Yes, it’s that time of year again when all the amateur foodies flood some of the city’s finest restaurants and casual eateries. Dine Out Vancouver 2015 is now in full swing and unlike previous years, I only have one restaurant on my list for 2015. Late last week, a few friends and I (along with Adalynn) made our way to Cork & Fin in Gastown for their $28 Dine Out Vancouver menu.
The norm with Dine Out Vancouver is to offer a standard three-course menu with two or three options for each course. You start with an appetizer, followed by a main, and rounded out with a dessert. Cork & Fin took a different approach with a three-course savory menu: appetizer, mid-course and entree. As has slowly become the norm, Cork & Fin’s Dine Out Vancouver menu also features several upgrade options, one of which is to add dessert to the end for an extra six dollars.
Fresh Oysters: Upgraded to half dozen for $8 more
We started our dinner with the first upgrade of the night. With the standard DOV menu, you can have three fresh shucked oysters. For an extra $8, you can upgrade that to a half-dozen or you can spend $15 more to make it a full dozen. We were neither told nor offered the choice for where these oysters were from, but they were the standard small-to-medium kind of size, accompanied with lemon, horseradish, Tabasco and a vinaigrette.
They were all slightly sweet and slightly briny, as I like my oysters to be. With a number of buck-a-shuck happy hours around town, there is certainly no shortage of fresh oysters in Vancouver and Cork & Fin can hold its own in this regard.
Lobster Bisque: Brandied apples, charred scallions
I’m accustomed to lobster bisque that is a little more red in color. Even so, the Cork & Fin take on the classic soup was perfectly fine for what it was, offering a not-too-rich savoriness. There were two or three marble-sized chunks of lobster in there that were balanced off by the sweetness of the brandied apple cubes. Not remarkable, but not terrible.

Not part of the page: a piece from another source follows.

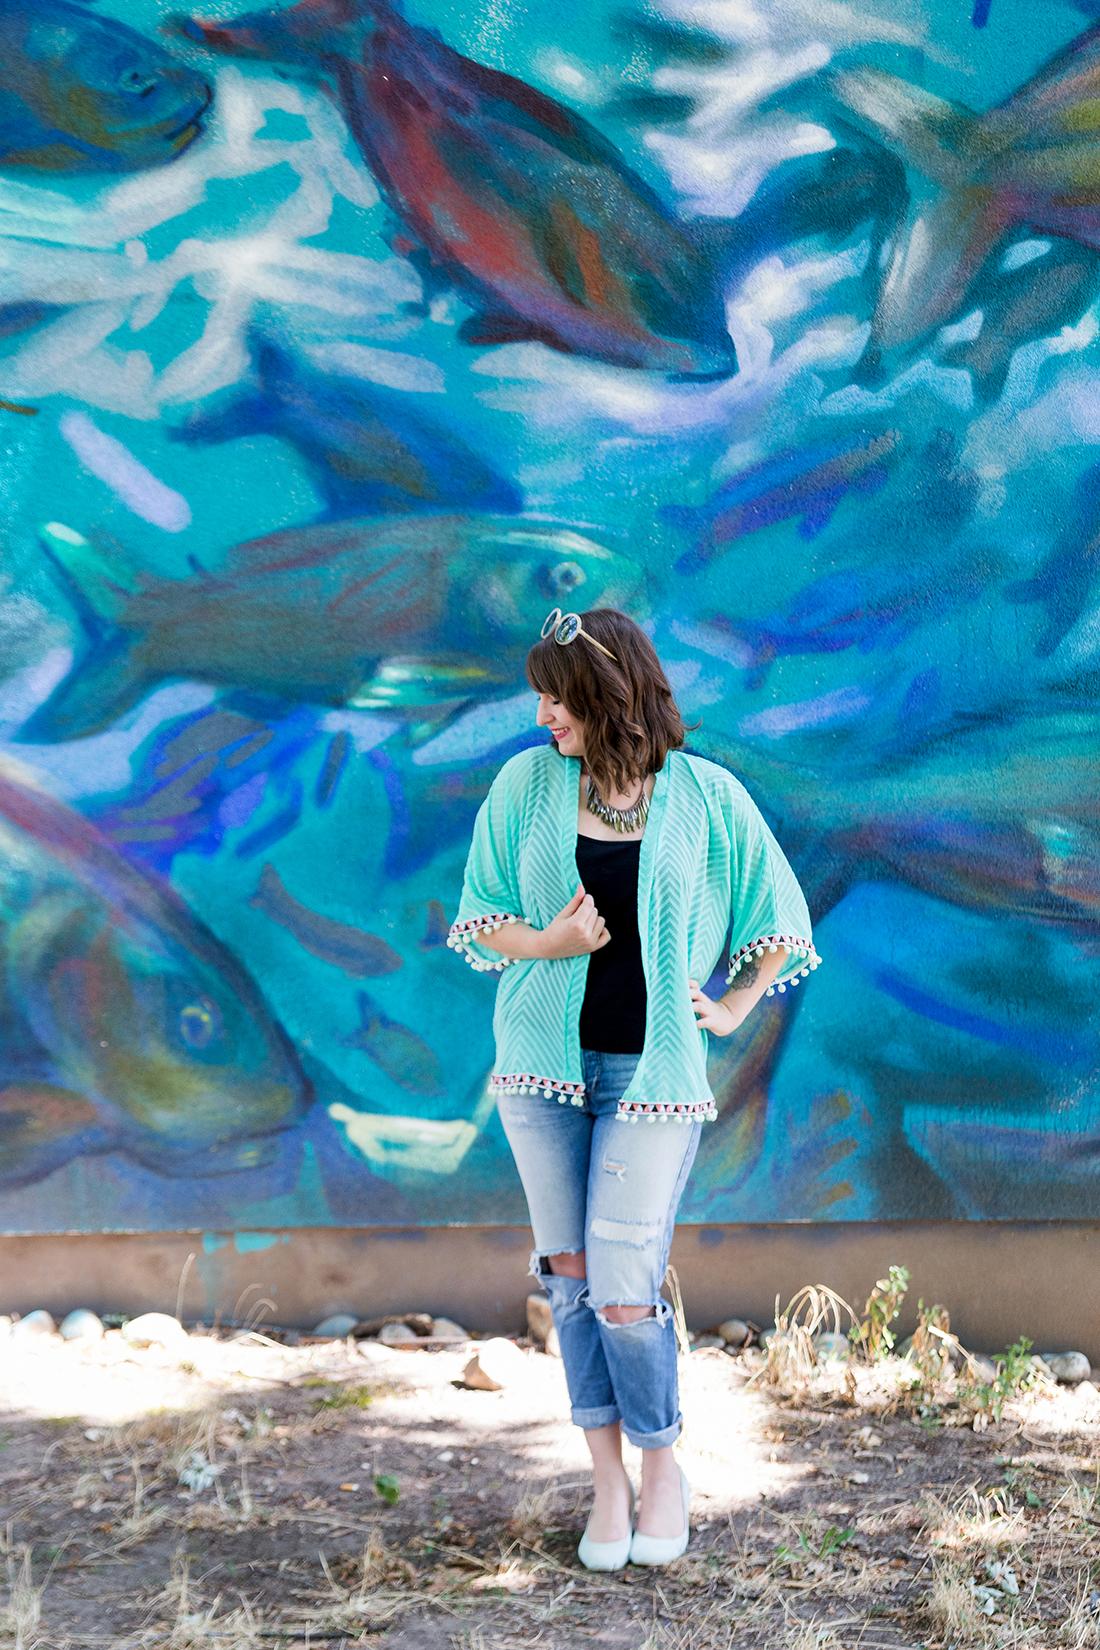 naehdirwas: Transparenz - mein Chiffon-Kimono in Mint | mein feenstaub

Pate Breton: Bacon, fig, walnut, apple gastrique
For one of our second courses, we opted for a fairly sizable piece of pate. It was a good centimeter thick and about the size of a playing card. The pate was chunkier in texture, which made it a little more difficult to spread across the crispy baguette slices. I also wish there was more bread as the ratio was decidedly off here.

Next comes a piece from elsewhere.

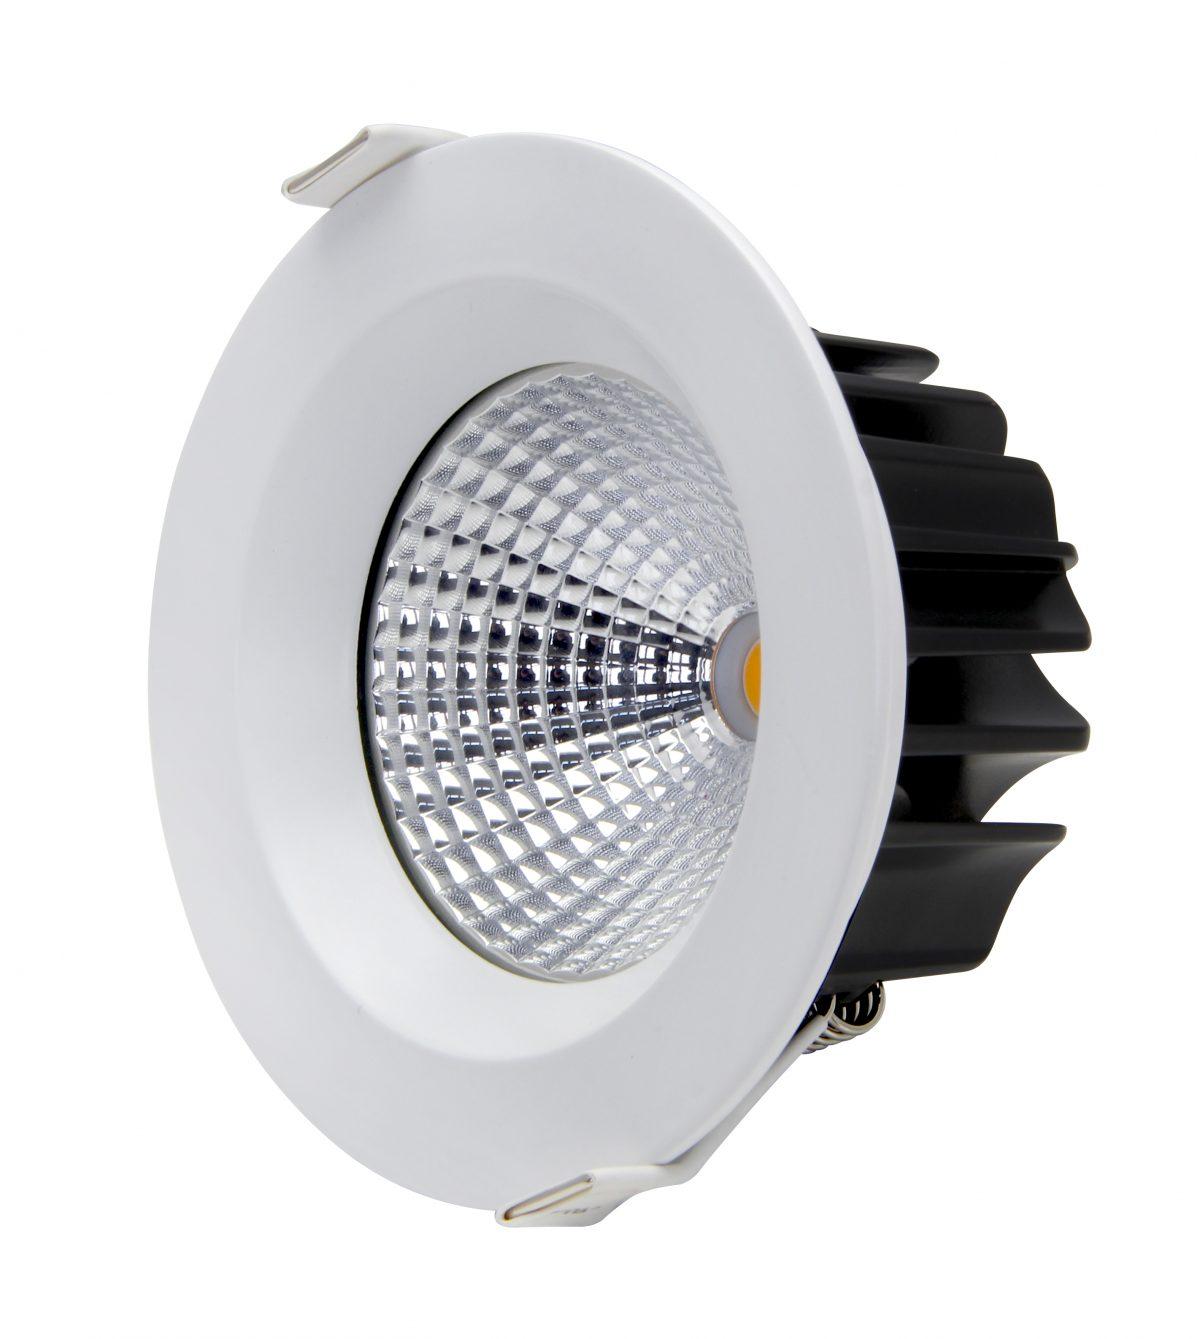 OPTIMA PRIME – 10W/18W/25W/35W External Driver RDL Series

Octopus & Chorizo: Toasted brioche, salsa roja
The other second course features a few thick-cut slices of octopus with an equal number of chorizo pieces. Whereas the baguette with the pate may have been a little too crisp, the “toasted” brioche here may have been a little too soft. I did like the tenderness of the octopus.

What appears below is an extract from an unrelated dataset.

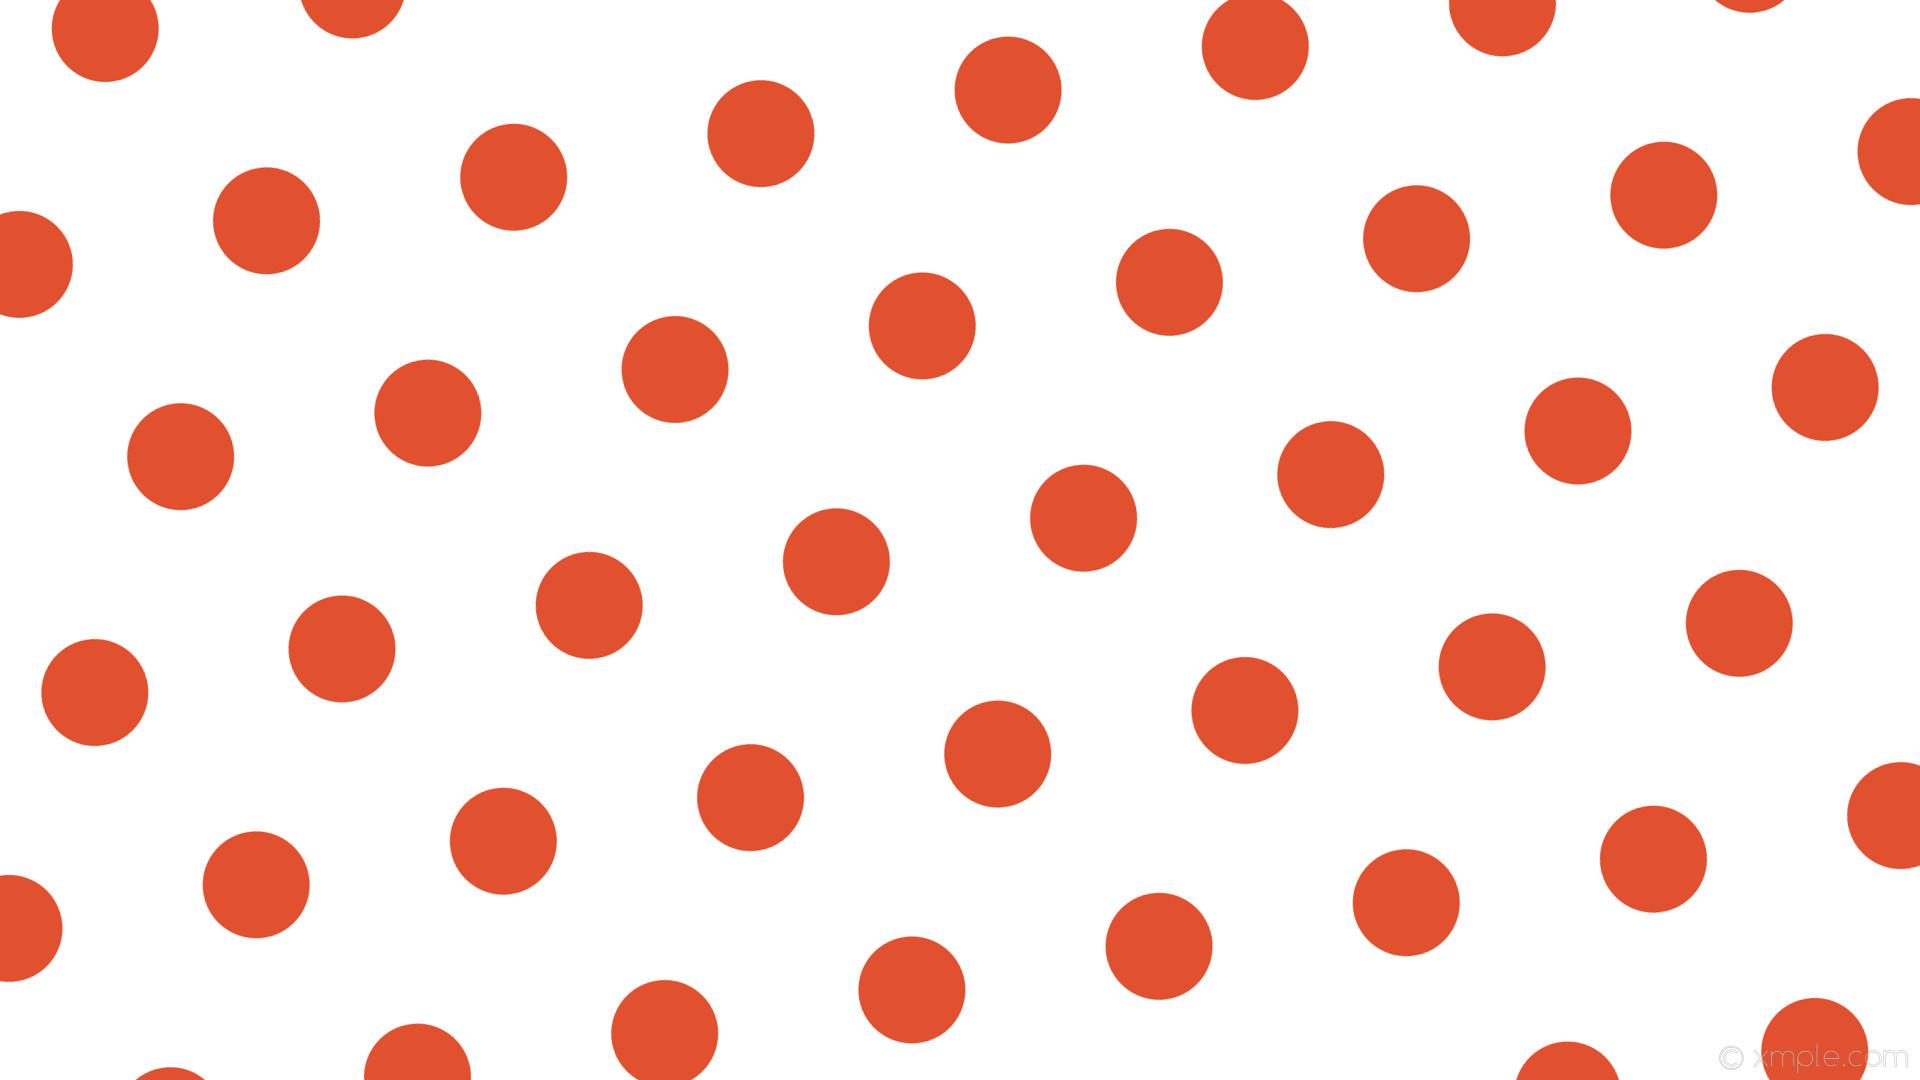 wallpaper white polka dots red hexagon #ffffff #e1512f diagonal 10° 107px  251px

Flank Steak: Sous-vide med-rare, confit potato, braised purple cabbage
As another upgrade, I ordered the sous-vide flank steak. My steak was cooked to a great medium-rare and, because of the sous vide, the usually cheaper cut of beef came out very juicy and tender. I just wish there was more of it, especially since this was an upgrade item. I imagine there was only four to six ounces here and it would have looked even smaller were it not pre-sliced. The little confit potatoes were simple but tasty too.
Arctic Char: Local, pan seared char, gnocchi, edamame
We were generally not as happy with the arctic char. The meat itself was just okay, but I really like having a far crispier skin with a fish like this, especially to offset the softer consistency of the gnocchi.
From the outside, Cork & Fin looks like it’d be a pretty hip place for dinner and, even looking through the standard menu, the pricing appears to be lower than many nearby alternatives. However, based on our Dine Out Vancouver experience here, the portion sizes are decidedly on the smaller side and the overall execution and creativity are mostly forgettable.
The total bill for two–including upgrades, one beer, taxes and gratuity–came to $95.